TASK STATEMENT
Your answer must be an exact copy of the data, without any pictures.

GIVEN INFORMATION
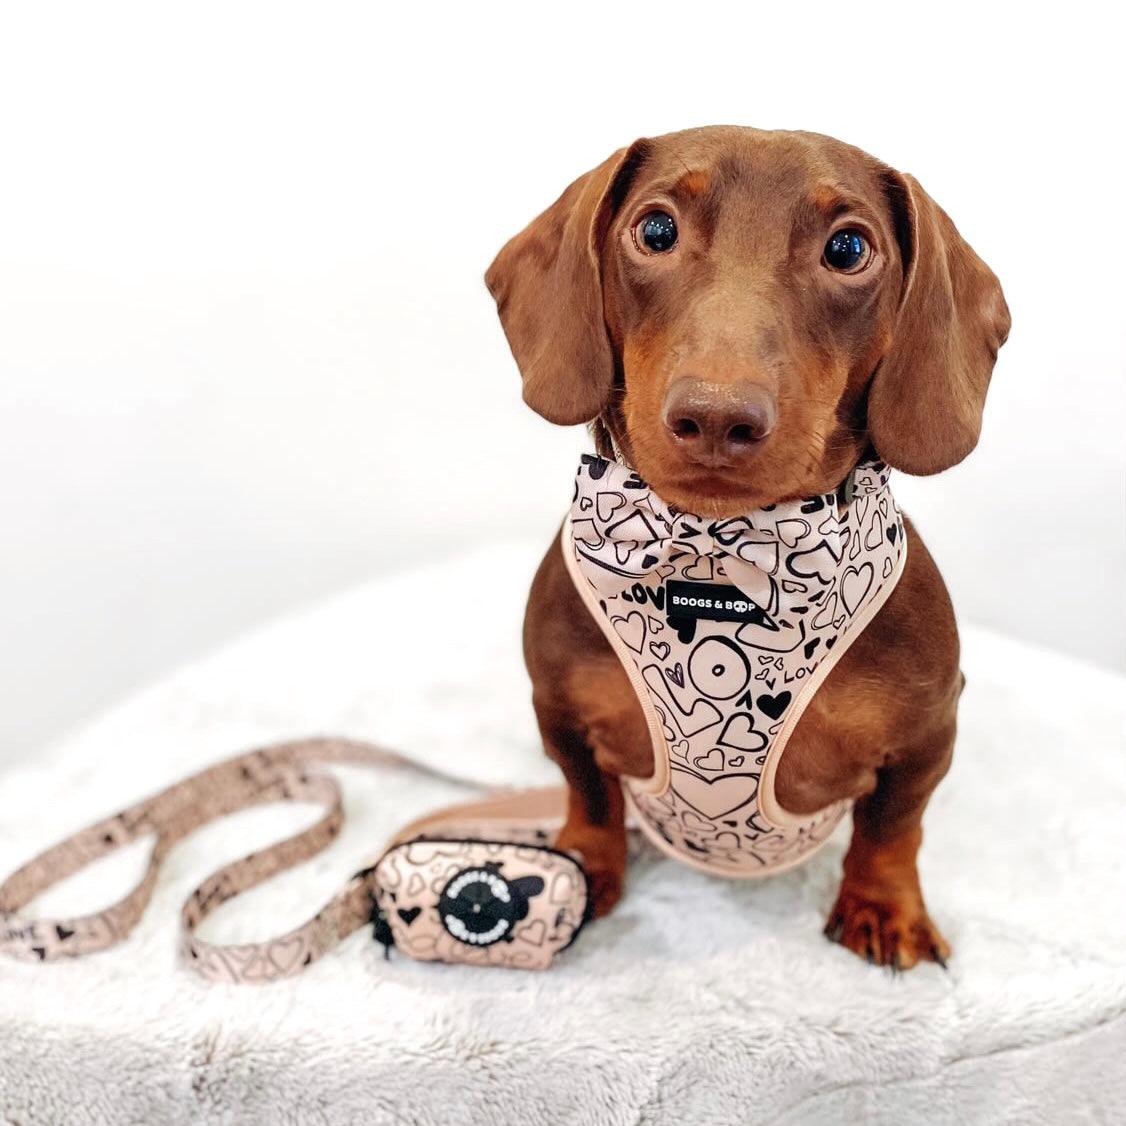 Dachshund Wearing Boogs & Boop Signature Harness and Walking Set.
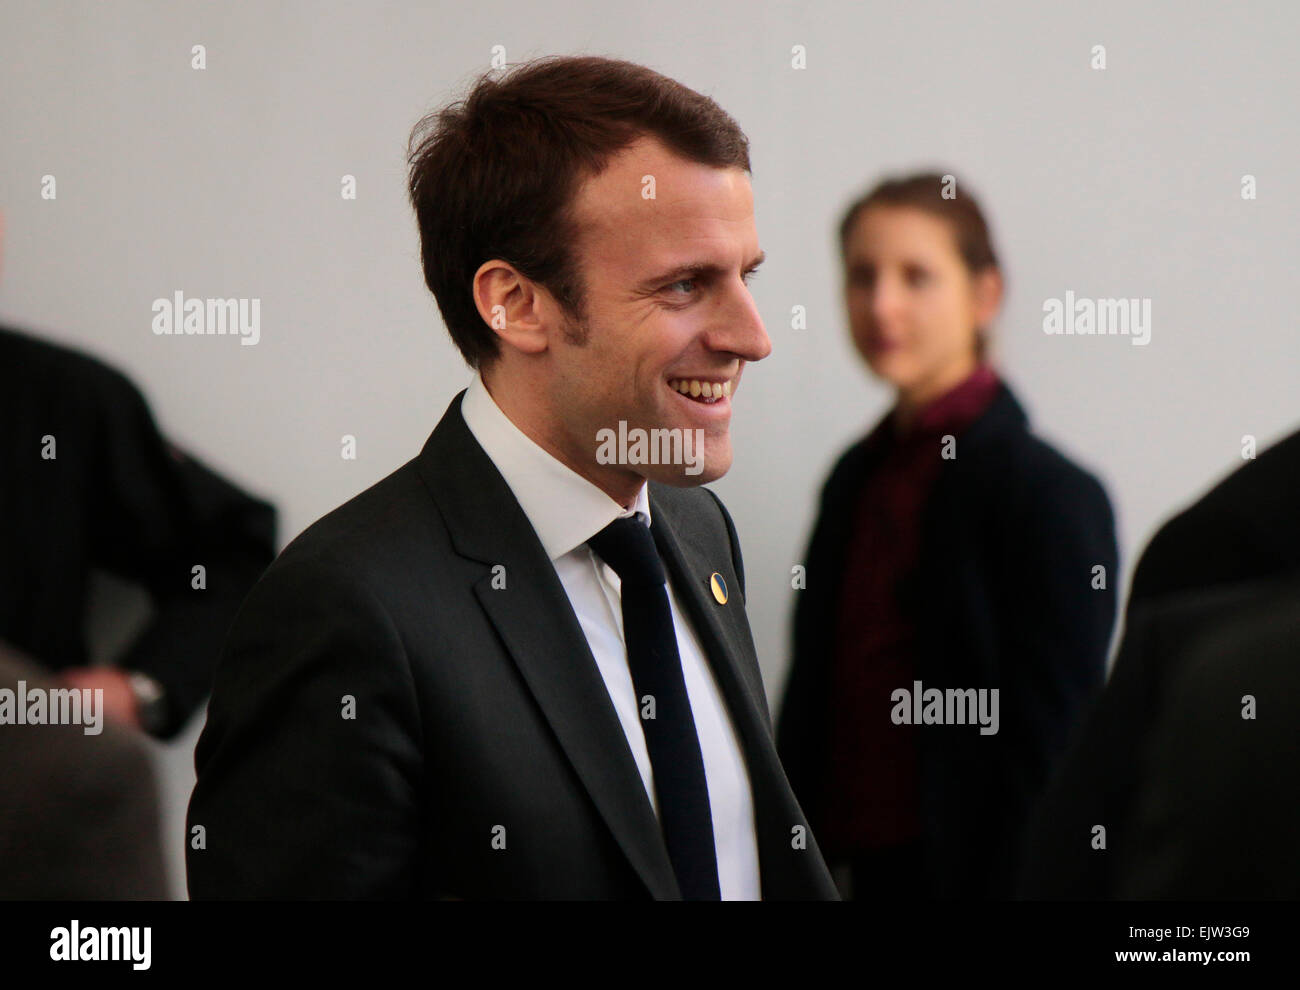 MARCH 31, 2015 - BERLIN: Emmanuel Macron at a photo opp before a meeting of the Ger Stock Photo
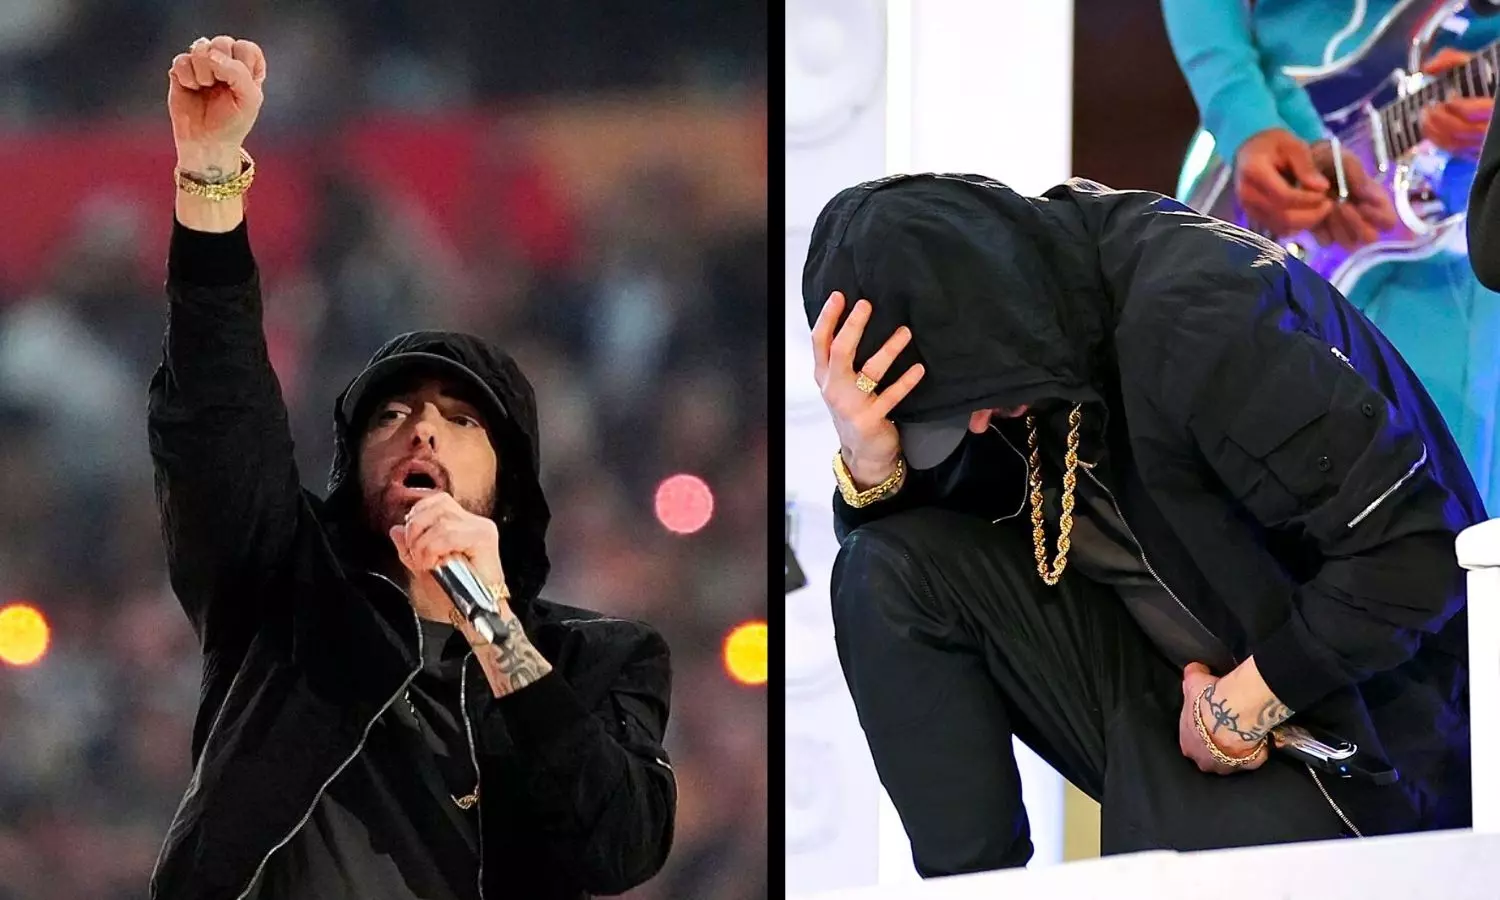 WATCH: Eminem takes the knee in protest during NFL Super Bowl

SOLUTION
 Dachshund Wearing Boogs & Boop Signature Harness and Walking Set.
 MARCH 31, 2015 - BERLIN: Emmanuel Macron at a photo opp before a meeting of the Ger Stock Photo
 WATCH: Eminem takes the knee in protest during NFL Super Bowl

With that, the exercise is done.